**** Input data
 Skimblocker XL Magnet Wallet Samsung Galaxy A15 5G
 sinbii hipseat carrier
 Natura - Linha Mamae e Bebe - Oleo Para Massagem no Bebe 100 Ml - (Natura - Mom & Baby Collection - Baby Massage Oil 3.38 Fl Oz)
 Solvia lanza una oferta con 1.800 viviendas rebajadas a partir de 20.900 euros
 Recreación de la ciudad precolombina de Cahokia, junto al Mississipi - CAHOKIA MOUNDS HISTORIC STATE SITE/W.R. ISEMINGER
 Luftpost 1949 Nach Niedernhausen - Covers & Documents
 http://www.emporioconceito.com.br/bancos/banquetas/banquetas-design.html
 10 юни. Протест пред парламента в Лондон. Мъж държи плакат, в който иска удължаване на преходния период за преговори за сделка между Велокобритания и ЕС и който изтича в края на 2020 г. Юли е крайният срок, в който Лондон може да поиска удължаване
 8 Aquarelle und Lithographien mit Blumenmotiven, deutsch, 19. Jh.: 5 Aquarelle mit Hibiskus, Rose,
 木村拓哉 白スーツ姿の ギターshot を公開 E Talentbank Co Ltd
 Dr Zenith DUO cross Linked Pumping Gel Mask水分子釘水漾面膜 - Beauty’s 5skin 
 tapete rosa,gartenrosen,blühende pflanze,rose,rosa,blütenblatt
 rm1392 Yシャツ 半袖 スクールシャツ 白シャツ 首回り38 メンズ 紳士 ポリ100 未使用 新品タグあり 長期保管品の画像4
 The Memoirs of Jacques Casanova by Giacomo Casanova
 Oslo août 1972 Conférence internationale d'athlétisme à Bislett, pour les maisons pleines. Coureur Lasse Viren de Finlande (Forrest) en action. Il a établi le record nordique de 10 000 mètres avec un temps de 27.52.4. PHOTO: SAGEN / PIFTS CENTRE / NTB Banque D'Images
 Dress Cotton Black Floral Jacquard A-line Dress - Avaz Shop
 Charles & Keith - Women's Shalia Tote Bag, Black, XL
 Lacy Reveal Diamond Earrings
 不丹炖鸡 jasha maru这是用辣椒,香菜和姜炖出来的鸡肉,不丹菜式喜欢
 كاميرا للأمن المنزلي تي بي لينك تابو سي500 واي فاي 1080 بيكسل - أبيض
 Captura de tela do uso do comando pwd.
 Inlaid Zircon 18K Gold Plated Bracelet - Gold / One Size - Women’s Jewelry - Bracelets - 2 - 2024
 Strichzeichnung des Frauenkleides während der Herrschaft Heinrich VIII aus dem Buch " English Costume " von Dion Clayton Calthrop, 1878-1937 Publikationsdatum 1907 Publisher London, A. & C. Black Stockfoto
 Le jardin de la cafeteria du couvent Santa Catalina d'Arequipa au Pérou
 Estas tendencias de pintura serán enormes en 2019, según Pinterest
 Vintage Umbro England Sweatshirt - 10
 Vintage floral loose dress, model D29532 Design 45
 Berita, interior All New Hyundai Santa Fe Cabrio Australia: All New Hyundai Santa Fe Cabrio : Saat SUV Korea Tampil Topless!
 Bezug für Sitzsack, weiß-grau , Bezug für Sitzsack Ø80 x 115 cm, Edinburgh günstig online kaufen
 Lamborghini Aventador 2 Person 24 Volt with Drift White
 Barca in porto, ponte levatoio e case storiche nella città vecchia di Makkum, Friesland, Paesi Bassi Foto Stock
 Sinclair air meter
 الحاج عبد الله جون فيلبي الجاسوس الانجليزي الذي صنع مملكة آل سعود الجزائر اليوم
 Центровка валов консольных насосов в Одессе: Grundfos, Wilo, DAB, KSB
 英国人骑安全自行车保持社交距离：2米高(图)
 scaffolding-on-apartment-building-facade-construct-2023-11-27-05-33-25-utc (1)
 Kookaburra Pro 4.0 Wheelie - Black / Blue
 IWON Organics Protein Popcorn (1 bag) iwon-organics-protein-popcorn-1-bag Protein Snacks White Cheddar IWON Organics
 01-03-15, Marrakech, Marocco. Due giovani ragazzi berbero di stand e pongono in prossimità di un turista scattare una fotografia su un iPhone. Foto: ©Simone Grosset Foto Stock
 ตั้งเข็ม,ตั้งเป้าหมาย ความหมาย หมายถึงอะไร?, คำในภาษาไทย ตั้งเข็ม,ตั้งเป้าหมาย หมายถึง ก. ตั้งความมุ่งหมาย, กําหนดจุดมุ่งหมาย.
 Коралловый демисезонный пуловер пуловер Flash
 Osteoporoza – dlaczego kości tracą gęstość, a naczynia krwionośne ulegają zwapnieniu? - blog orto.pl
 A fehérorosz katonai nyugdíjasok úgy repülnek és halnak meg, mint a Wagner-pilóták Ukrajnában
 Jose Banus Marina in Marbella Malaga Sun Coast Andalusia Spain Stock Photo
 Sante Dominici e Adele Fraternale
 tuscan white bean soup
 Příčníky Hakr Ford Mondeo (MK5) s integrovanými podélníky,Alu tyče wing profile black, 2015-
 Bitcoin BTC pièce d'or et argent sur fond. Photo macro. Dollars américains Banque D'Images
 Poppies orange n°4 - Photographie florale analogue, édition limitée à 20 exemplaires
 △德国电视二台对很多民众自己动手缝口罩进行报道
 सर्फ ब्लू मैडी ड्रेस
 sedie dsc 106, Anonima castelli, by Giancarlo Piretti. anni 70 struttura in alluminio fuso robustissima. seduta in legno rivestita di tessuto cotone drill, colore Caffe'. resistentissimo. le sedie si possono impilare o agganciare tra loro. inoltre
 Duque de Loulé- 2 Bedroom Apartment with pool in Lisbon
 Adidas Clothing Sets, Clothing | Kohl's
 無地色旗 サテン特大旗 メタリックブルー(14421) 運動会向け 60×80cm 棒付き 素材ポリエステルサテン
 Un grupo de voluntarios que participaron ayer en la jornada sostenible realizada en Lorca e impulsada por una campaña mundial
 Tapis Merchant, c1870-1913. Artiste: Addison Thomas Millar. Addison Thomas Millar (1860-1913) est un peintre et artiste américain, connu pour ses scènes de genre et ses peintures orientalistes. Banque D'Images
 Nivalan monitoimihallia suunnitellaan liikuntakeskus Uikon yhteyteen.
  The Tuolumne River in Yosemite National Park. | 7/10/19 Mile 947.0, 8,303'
********
• Task to complete: Copy all lines of the records that have the string "pour" in them.

• Problem solution:
 Oslo août 1972 Conférence internationale d'athlétisme à Bislett, pour les maisons pleines. Coureur Lasse Viren de Finlande (Forrest) en action. Il a établi le record nordique de 10 000 mètres avec un temps de 27.52.4. PHOTO: SAGEN / PIFTS CENTRE / NTB Banque D'Images
 Tapis Merchant, c1870-1913. Artiste: Addison Thomas Millar. Addison Thomas Millar (1860-1913) est un peintre et artiste américain, connu pour ses scènes de genre et ses peintures orientalistes. Banque D'Images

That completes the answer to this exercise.